• DATASET EXCERPT
++++++++++
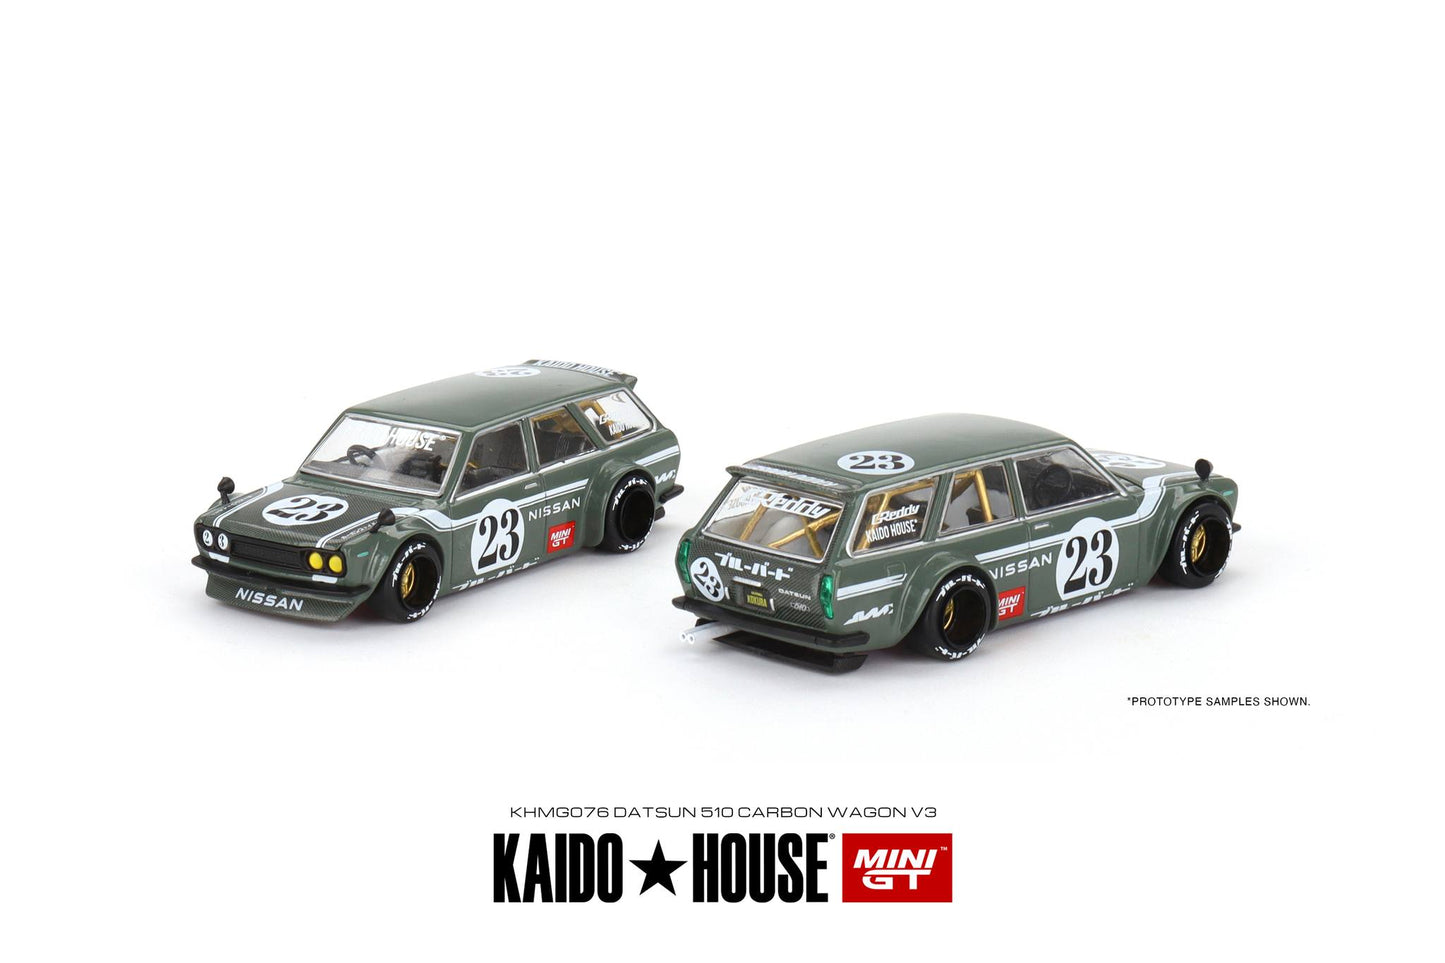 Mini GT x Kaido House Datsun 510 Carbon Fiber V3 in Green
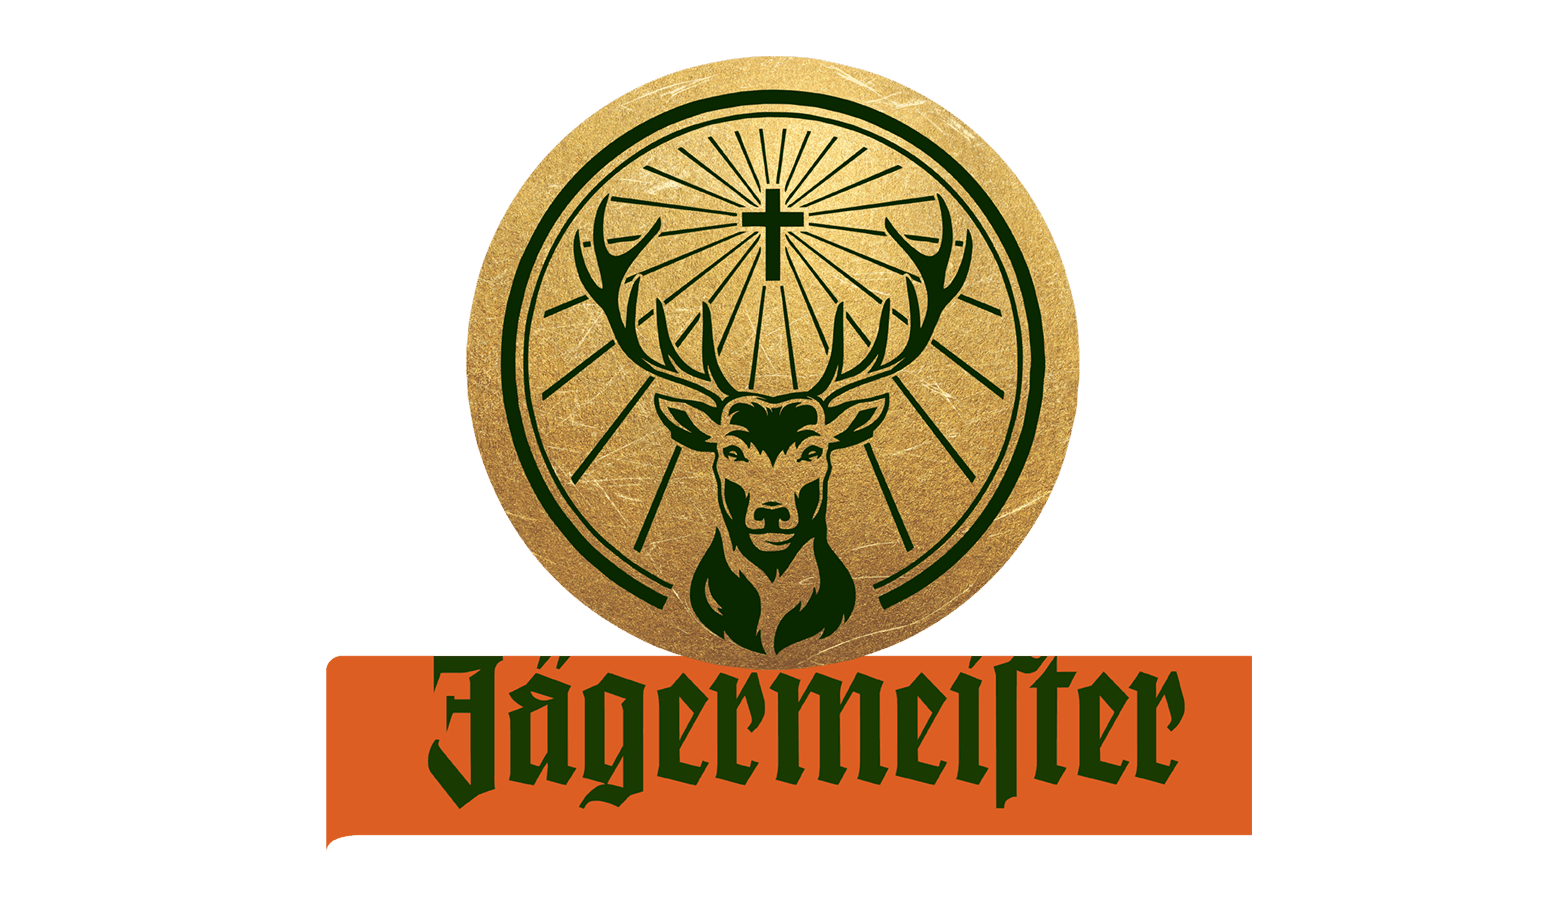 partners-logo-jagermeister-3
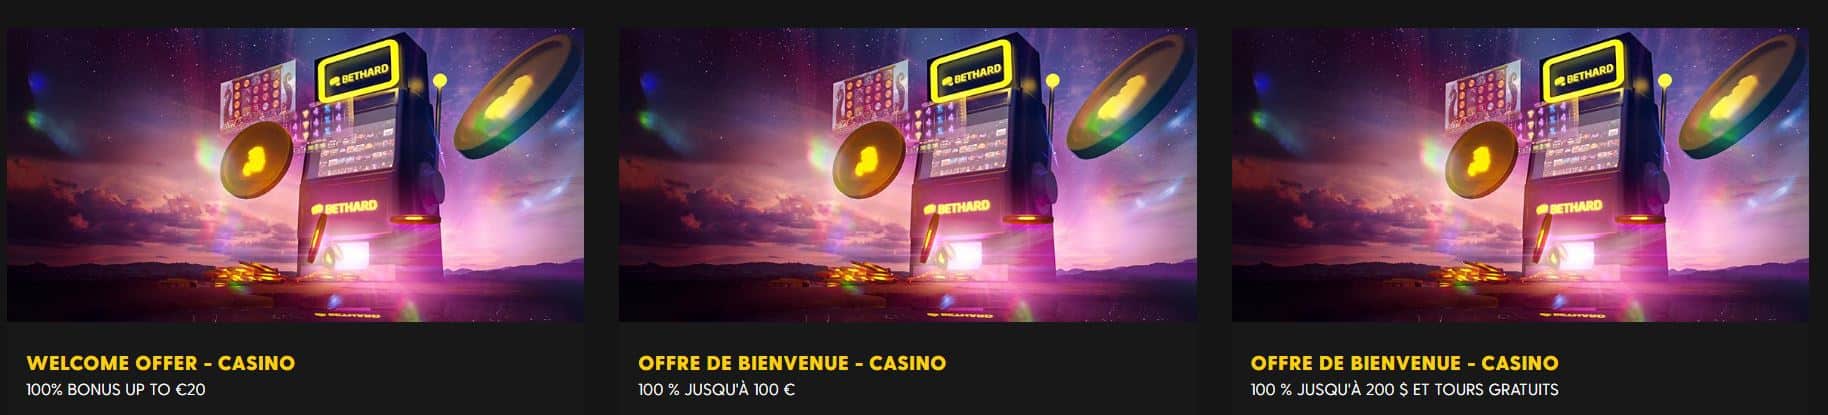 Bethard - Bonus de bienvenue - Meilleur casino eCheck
++++++++++
• TASK DIRECTIONS
Write the material out again exactly. Skip each picture.

• FINAL ANSWER
 Mini GT x Kaido House Datsun 510 Carbon Fiber V3 in Green
 partners-logo-jagermeister-3
 Bethard - Bonus de bienvenue - Meilleur casino eCheck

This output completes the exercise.